So a few Sundays ago, I had the amazing privilege of cooking with a delightful group of gals as part of our church’s Faith in Action project.  It was a huge blessing to get to serve by doing something that I enjoy so much.  We put together two dinners for single moms to have in their freezers. Chicken Pot Pie and Chili, plus some cookie dough to have chocolate chip cookies hot from the oven in a flash.

We chopped most of the vegetables for the chicken pot pies, including many bags of onions, which brought everyone to tears.  The process of taking raw, fresh ingredients to something wonderfully yummy and beautiful was a new experience for some involved, which is so fun for me.  As I have processed the day with friends, I have come to realize that this is definitely something I would like to do again.

Some of the gals took and delivered their meals themselves and I have loved hearing the stories of how all the meals were received and put to good use.  The whole day is already a treasured memory in my heart.  Sometime soon I hope to find and type out Ben’s precious memories that he wrote for school about his day of putting his faith into action.

Since we needed something to munch on while we were cooking all day, I had an apple walnut cake ready for snacking.  I am so in love with eating apples right now.  The honey crisps make me swoon!  Granny Smiths in the skillet with a little butter and brown sugar make my oatmeal taste like pie.  Speaking of which, I’ve made apple pie already and it’s not even the holidays yet.

I’ve had several requests for the apple walnut cake recipe so here it is.  It is from an old standby cookbook that my sister and I discovered together when we were first married.  Some women on the North Shore of Chicago put it together as a companion to the Ravinia Festival, which is an outdoor concert series that is meant to be attended with a picnic in tow.  Lots of the recipes from the Noteworthy cookbook are meant to be a part of your summer picnic, but this cake would be great for your autumn outings!

Apple Walnut Cake

1  2/3 cups sugar

2 eggs

1/2 cup vegetable oil

2 teaspoons vanilla

2 cups flour

2 teaspoons baking soda

1  1/2 teaspoons cinnamon

1 teaspoon salt

1/4 teaspoon nutmeg

4 cups chopped apples

1 cups chopped walnuts

In large bowl beat sugar and eggs. Add oil and vanilla.  Mix well. In medium bowl sift together flour, baking soda, cinnamon, salt and nutmeg.  Add to sugar mixture.  Blend well. Stir in apples and nuts.  Pour into greased 9 X 13 baking dish.  Bake in preheated 350 degree oven for 55 minutes.

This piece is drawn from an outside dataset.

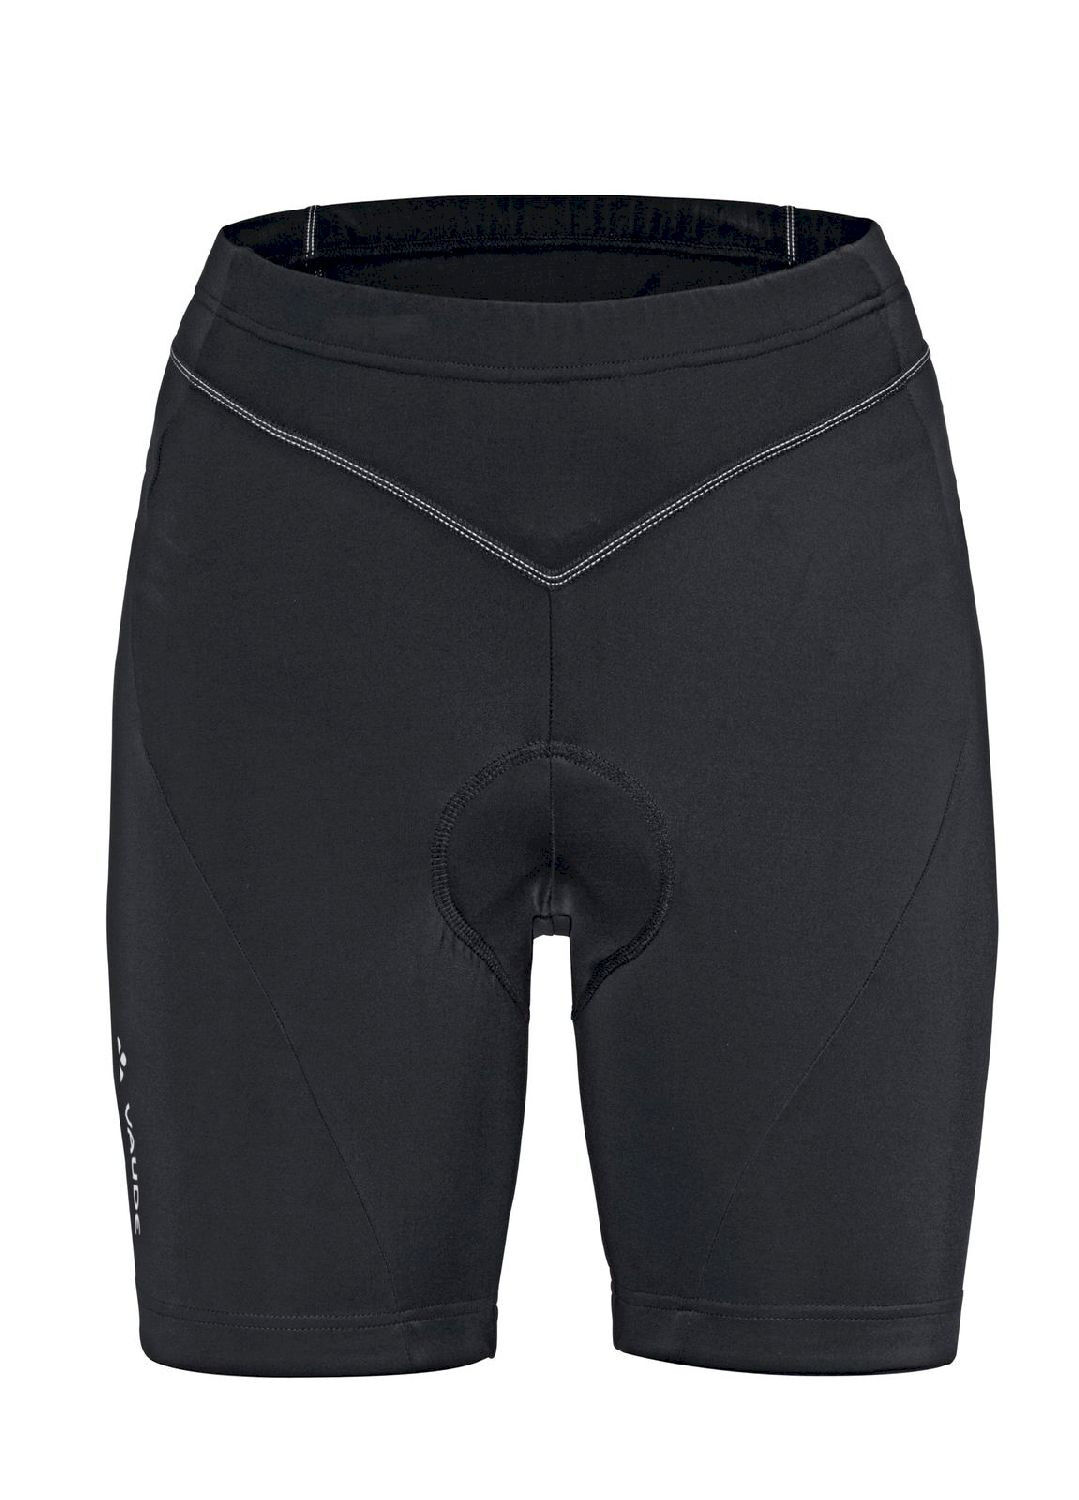 Vaude Active Pants - Pantalones ciclismo - Mujer

Optional:  Top with cream cheese frosting.  (I skip this when I am serving this as a breakfast dish.)

Cream Cheese Frosting

6 ounces cream cheese, softened

3 tablespoons butter, softened

1 teaspoon vanilla

1 1/2 cups powdered sugar

Cream cream cheese, butter and vanilla.  Gradually add powdered sugar until mixture reaches spreading consistency.

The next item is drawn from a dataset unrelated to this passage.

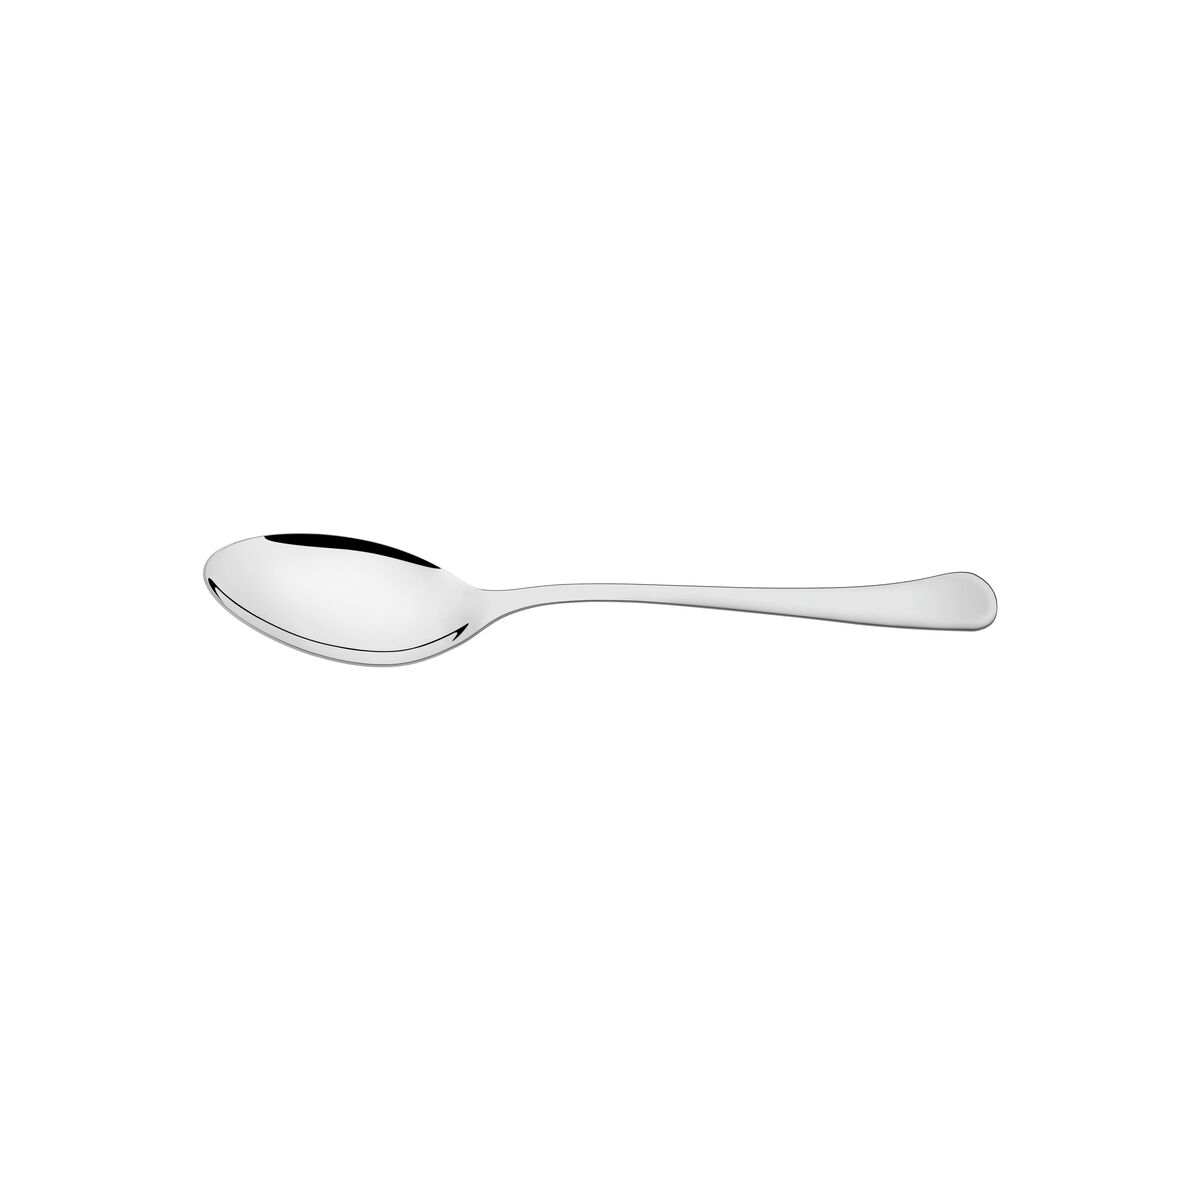 Tramontina Havana stainless steel dessert spoon

So I have had a little extra time this morning for cooking since I am home with a sick child.  I’ve been making apple pies all morning and I am realizing that cooking makes me generous.  As soon as I start chopping, my heart begins to just pour out of me into whatever I’m making.  This feeling that I get where I wish the whole world could have a bite of a perfect apple pie on this cloudy October day is much of the reason I love to cook.

For the last six months or so, a group of teenage boys have been showing up at our house on Sunday evenings to meet with Taido.  And while my darling husband and his theology speak is enough of a draw all his own, I suspect that the real reason they keep showing up is that we feed them.  Come on.  They’re high school boys.

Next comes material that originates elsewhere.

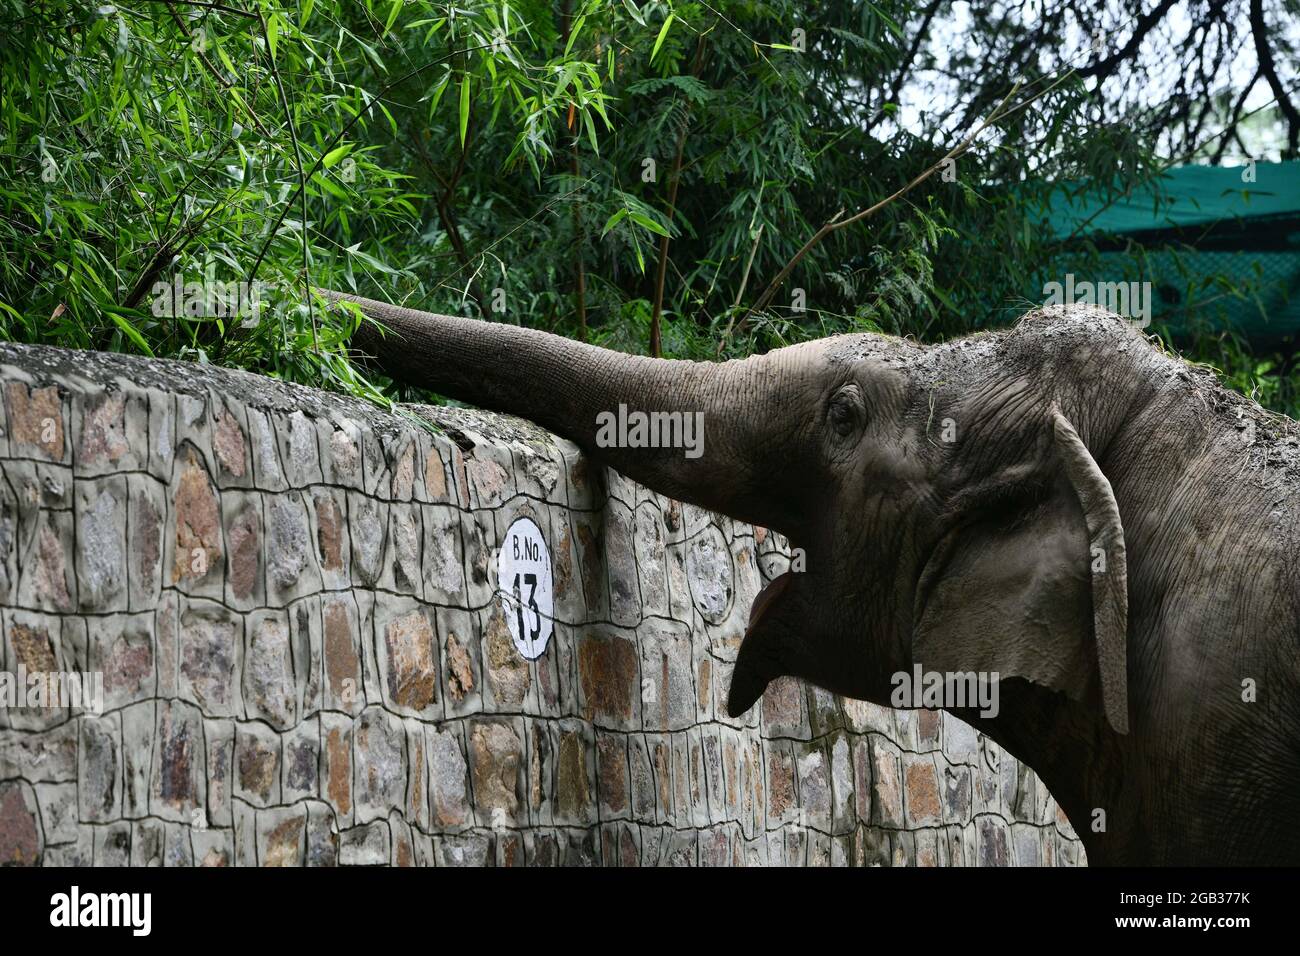 New Delhi. 1er août 2021. Photo prise le 1er août 2021 montre un éléphant dans son enceinte du zoo de Delhi en Inde. Le zoo de Delhi a rouvert ses portes au public et a fourni un service de réservation de billets en ligne aux visiteurs. Credit: Partha Sarkar/Xinhua/Alamy Live News Banque D'Images

A few weeks ago in the wee hours of a Sunday morning, I was putting a chicken pot pie together for dinner, so that I could enjoy my lazy Sunday afternoon at my parents’ house.  Sprawling on my parents’ couches while my kids play legos with their cousins is not a tradition I’m willing to give up even for cooking.  While I was rolling out crust and chopping up vegetables, I was praying for each of these boys by name and I got a little teary…as much from the onions as the ache in my heart from watching boys grow into men.  Boys that my own boys now love dearly.  Boys that are goofy and loud and heartbreakingly precious all at the same time.

I realized once again while I was working with my hands and heart together that my love language is food.

Sometimes food connects me to people I don’t even know yet.

Cole is only still speaking to me because he likes to eat.  He’s been asking for extra dessert in his lunch for his friends.  Sending whole loaves of banana nut bread in his lunch is helping him engage in a battle for control I like to call Just Try and Make Me Ride the Bus.  He’s buying rides home with homemade cookies.  I’m hoping that when he looks back on the seventh grade, maybe he’ll remember the food in his lunch instead of the heated discussions over grades.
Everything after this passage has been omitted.